Dass nun ein Verfahren gegen Griner eröffnet wurde, ist nach Einschätzung von Russland-Experten eher ein Zeichen dafür, dass Griner am Ende auch verurteilt wird. "Das russische Rechtssystem kennt keine Unschuldsvermutung", sagt William Pomeranz vom Kennan-Institut in der "New York Times". "Das heißt: Ein Fall wird eigentlich erst dann vor Gericht gebracht, wenn man davon ausgeht, dass er in einem Schuldspruch endet."

Demnach bliebe, so wird in US-Medien spekuliert, als einzige Möglichkeit wohl nur ein Gefangenenaustausch, um Griner aus der russischen Haft zu befreien. Angesichts von Griners Prominenz, sie ist einer der Topstars der WNBA, dürften dann bei möglichen Verhandlungen von russischer Seite wohl hohe Forderungen gestellt werden. In US-Medien kursieren Namen wie die des Waffenhändlers Viktor Bout oder des Hackers Roman Seleznev, beide in den USA zu hohen Haftstrafen verurteilt.

Offener Brief von prominenten schwarzen Frauen

Der Druck auf die US-Regierung nimmt in jedem Fall weiter zu. Der Aufschei sei immer noch nicht laut genug, sagte Brianna Turner, die mit Griner bei Phoenix Mercury spielt. Eine andere Teamkollegin, Sophie Cunningham, merkte an, dass der Fall wohl anders behandelt werden würde, "wenn es sich um LeBron James oder Tom Brady handeln würde."
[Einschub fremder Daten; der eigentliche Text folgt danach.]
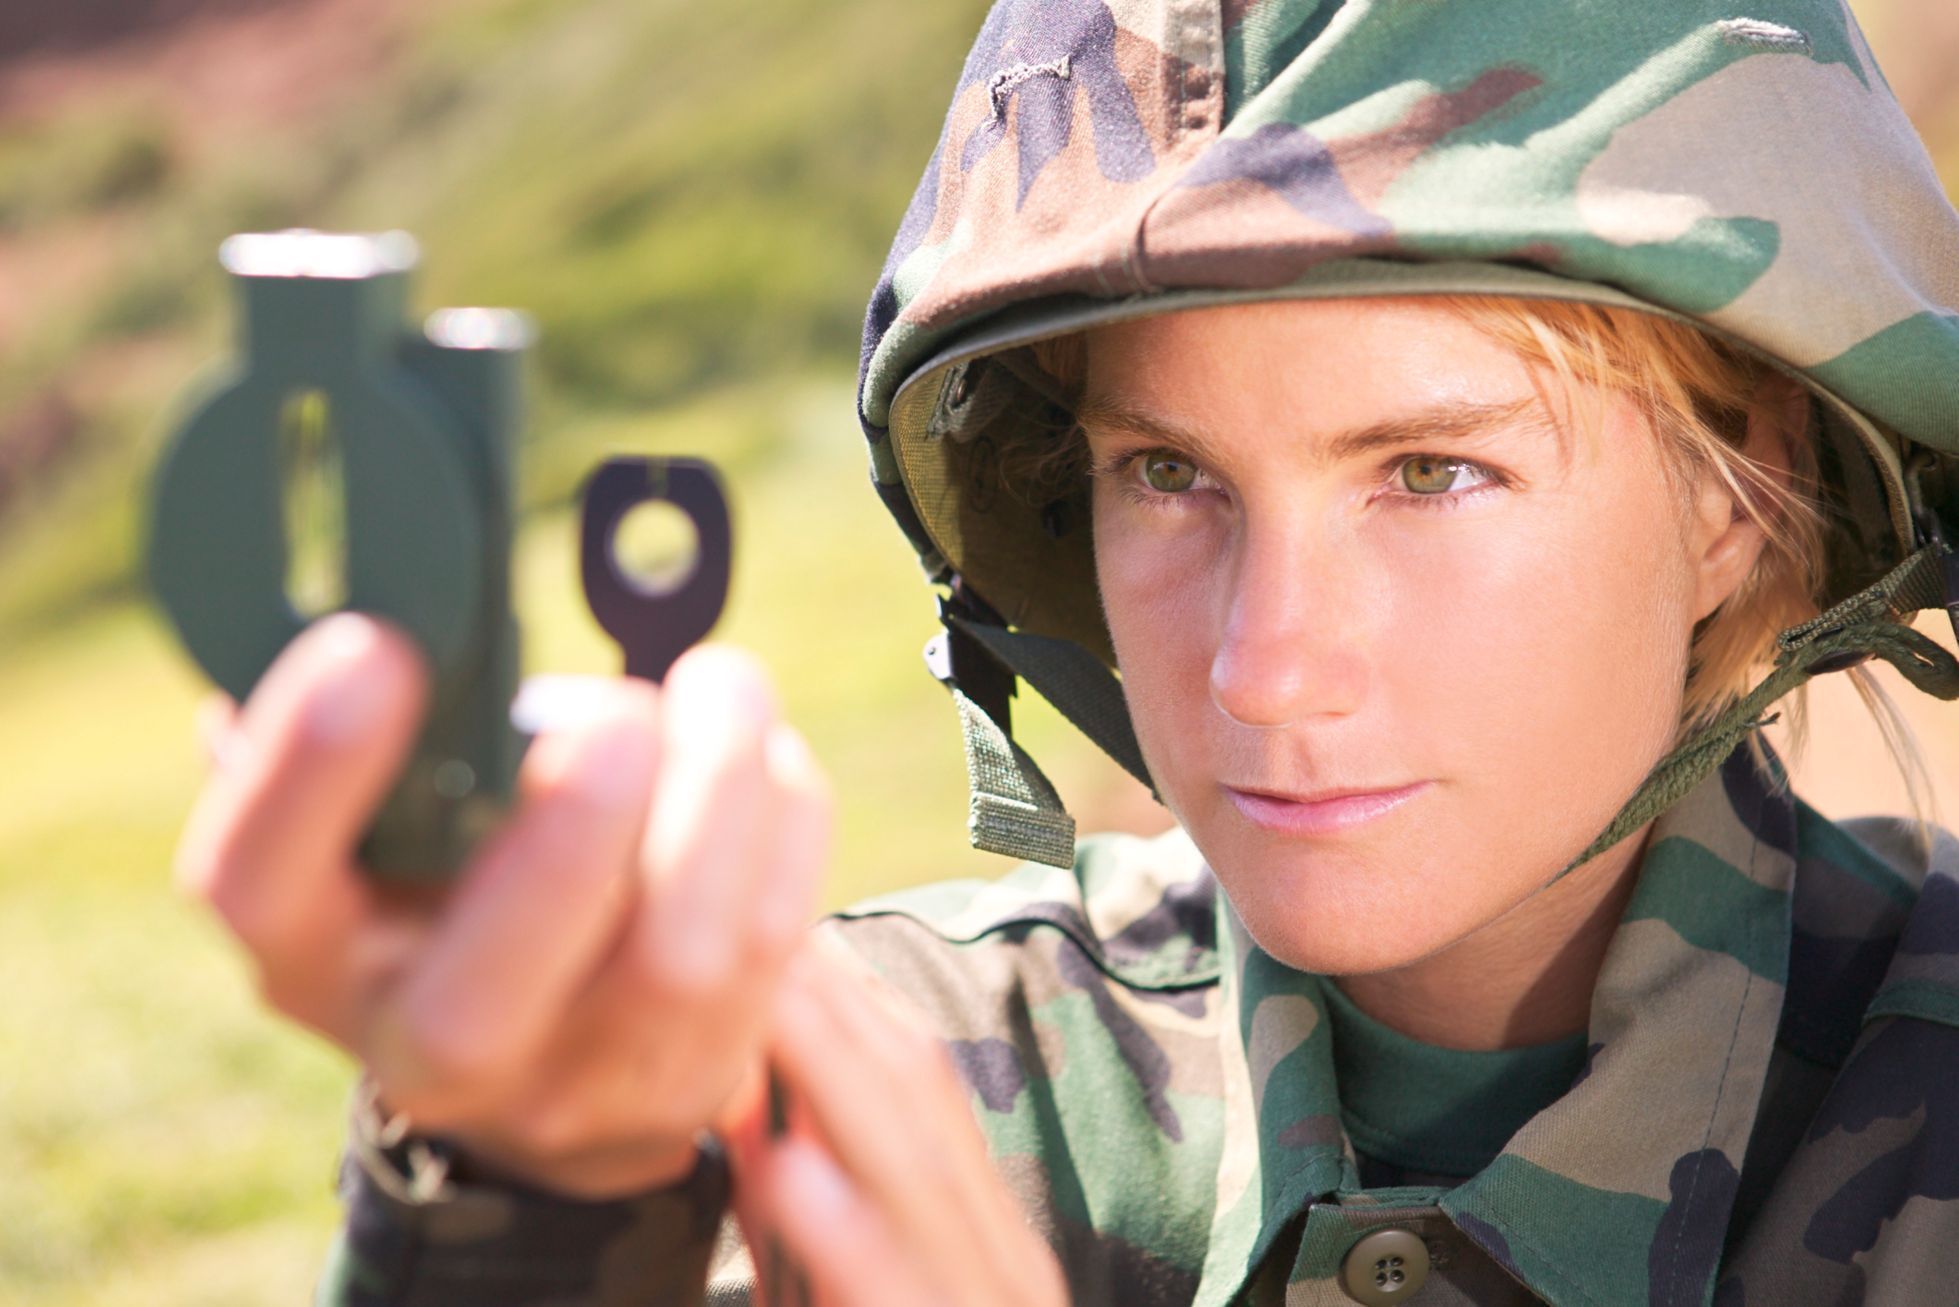 žena, armáda, voják, ilustrační foto

Wie die "Washington Post" berichtete, ist am Dienstag ein weiterer Brief beim US-Präsidenten eingetroffen, unterzeichnet von 1.200 prominenten Afroamerikanerinnen aus Wirtschaft, Politik und der Unterhaltungsindustrie. Die Gruppe weiblicher Führungskräfte bezeichnete Griners Inhaftierung als "fortdauernde Menschenrechtsverletzung" und richtete sich direkt an Präsident Biden: Er müsse eine Vereinbarung mit der russischen Seite erreichen, "um Brittney schnell und sicher nach Hause zu bringen".